Affaire Louis Hervé : le Département de l’Aude prend la parole et défend l’Aide sociale à l’enfance

Rédigé le 04/07/2026
Mélanie Eve

Ce mercredi 1er juillet, à Carcassonne, Hélène Sandragné, présidente du Conseil départemental de l’Aude, est sortie de son silence après la mort de Louis Hervé. Elle a dénoncé "la récupération politique" et défendu les services de l’Aide sociale à l’enfance (ASE).

Après le tragique décès de Louis Hervé, adolescent tué dans un guet-apens, Hélène Sandragné, présidente du Conseil départemental de l’Aude, est sortie de son silence ce mercredi 1er juillet lors d’une conférence de presse. Accompagnée de Chloé Danillon, vice-présidente en charge de l’enfance et de la famille, elle a dénoncé "la calomnie" et la "récupération politique" autour de cette affaire, tout en défendant le travail des services de l’Aide sociale à l’enfance (ASE).

Jusqu’à présent, le Département s’était limité à un communiqué de presse. "Face à ce drame effroyable, nous avons choisi le silence et la retenue, car cela nous paraît être l’attitude la plus digne à adopter", a expliqué Hélène Sandragné, estimant que "la douleur ne se commente pas, elle s’accompagne".
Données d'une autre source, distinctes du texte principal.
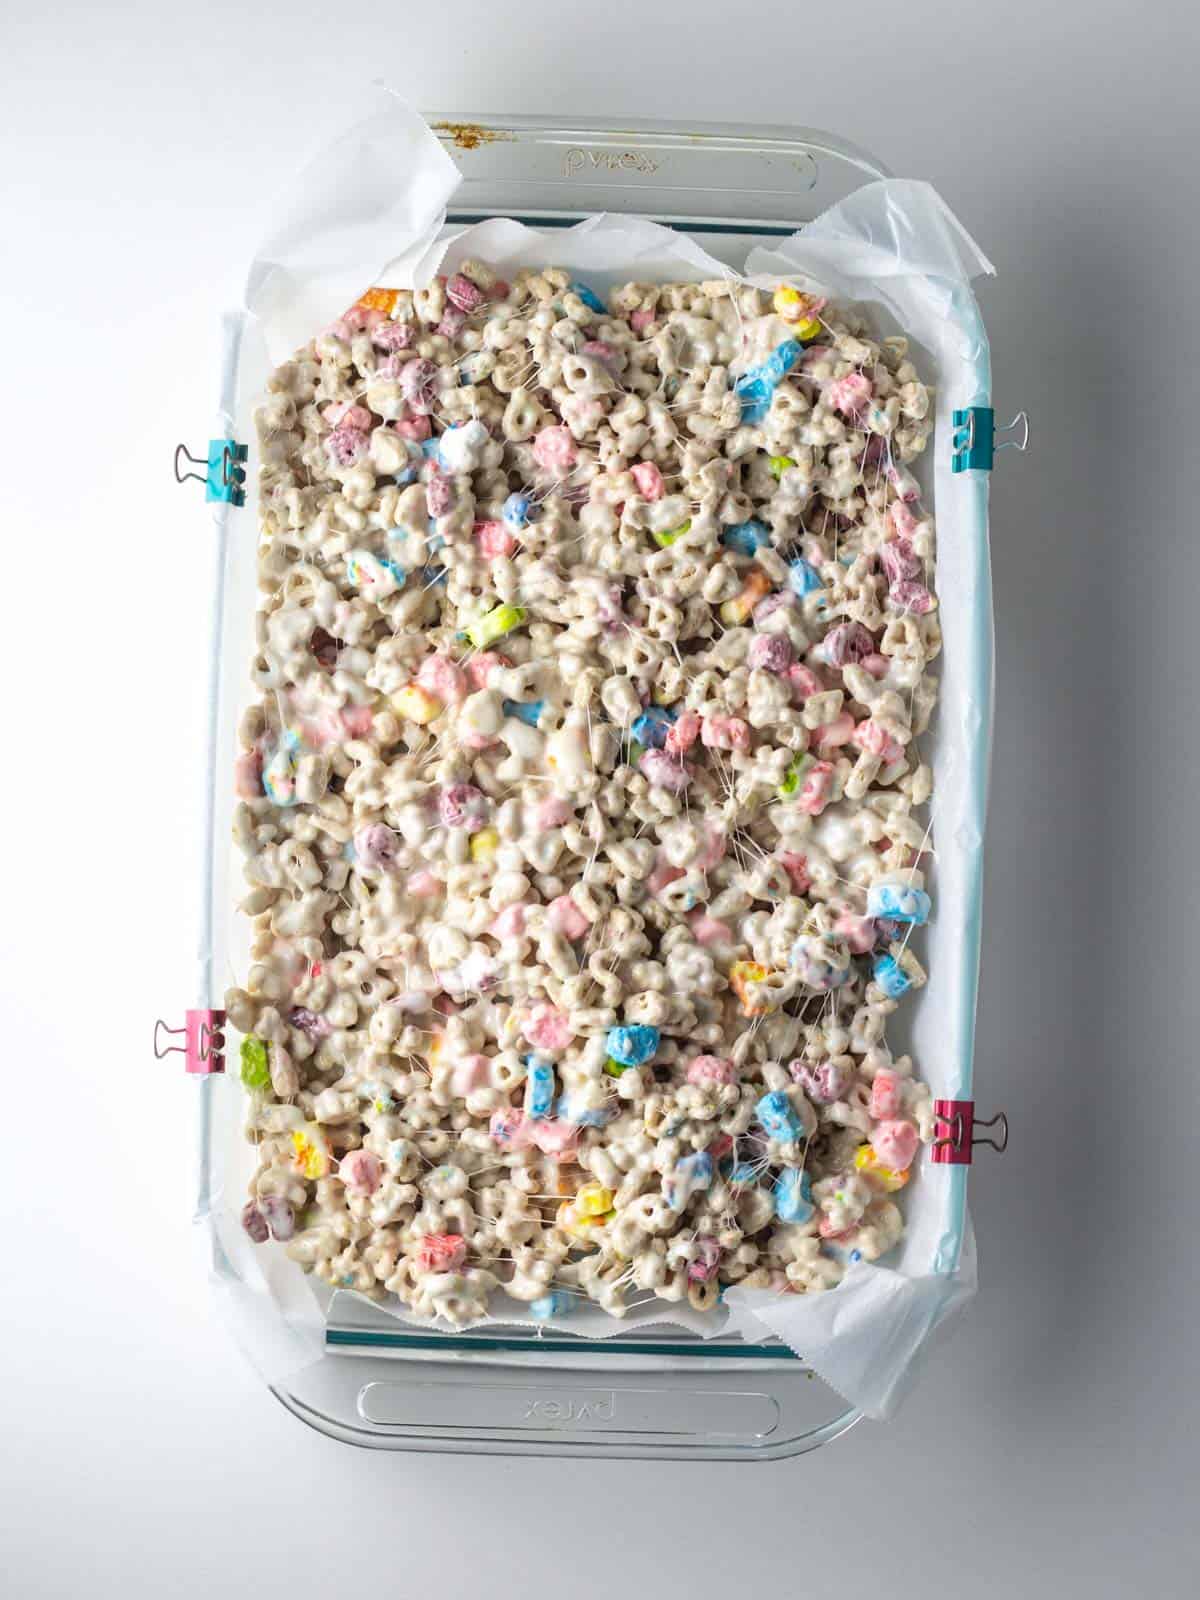 The cereal marshmallow mixture pressed into the 9x13 parchment lined glass pan.

La présidente a d’abord adressé ses pensées à la famille de Louis, réaffirmant "l’immense chagrin" du Département. Elle a également rappelé que des cellules de soutien psychologique avaient été mises en place afin d’accompagner les jeunes et les professionnels de l’Aide sociale à l’enfance touchés par le drame.

"Je ne suis pas devant vous pour pousser un coup de gueule, mais pour tirer un signal d’alarme. Pour dire stop à la calomnie et à la récupération politique. Dans cette affaire, il y a une victime et cinq coupables présumés. Il appartient à la police et à la justice de faire toute la lumière sur les circonstances de ce drame", a-t-elle déclaré.

Une défense appuyée de l’Aide sociale à l’enfance

Très critique envers les accusations visant les services départementaux, Hélène Sandragné a tenu à défendre le travail des éducateurs.

"Au lieu d’être salués pour le travail qu’ils accomplissent chaque jour, ils sont vilipendés. C’est inadmissible", a-t-elle regretté.

La présidente a également souhaité corriger plusieurs informations largement relayées depuis le drame. Selon elle, Louis et les cinq auteurs présumés "n’ont jamais vécu dans le même foyer ni dans la même structure de l’ASE".

"Nous avons plus de 1 700 enfants confiés à l’ASE et plus de 4 300 enfants accompagnés. Tous ne vivent évidemment pas au même endroit", a-t-elle insisté.

Elle a également rappelé que Louis avait intégré un foyer de l’ASE avec l’accord de ses parents après sa sortie d’un établissement médico-social, faute de solution adaptée.

"Nous accueillons des jeunes qui devraient relever d’autres structures. Si nous ne les prenons pas, ils sont à la rue. Le Département est le dernier rempart social face au manque d’offres médicales et judiciaires. Je refuse que le Département de l’Aude devienne le théâtre de la haine.", conclut-elle.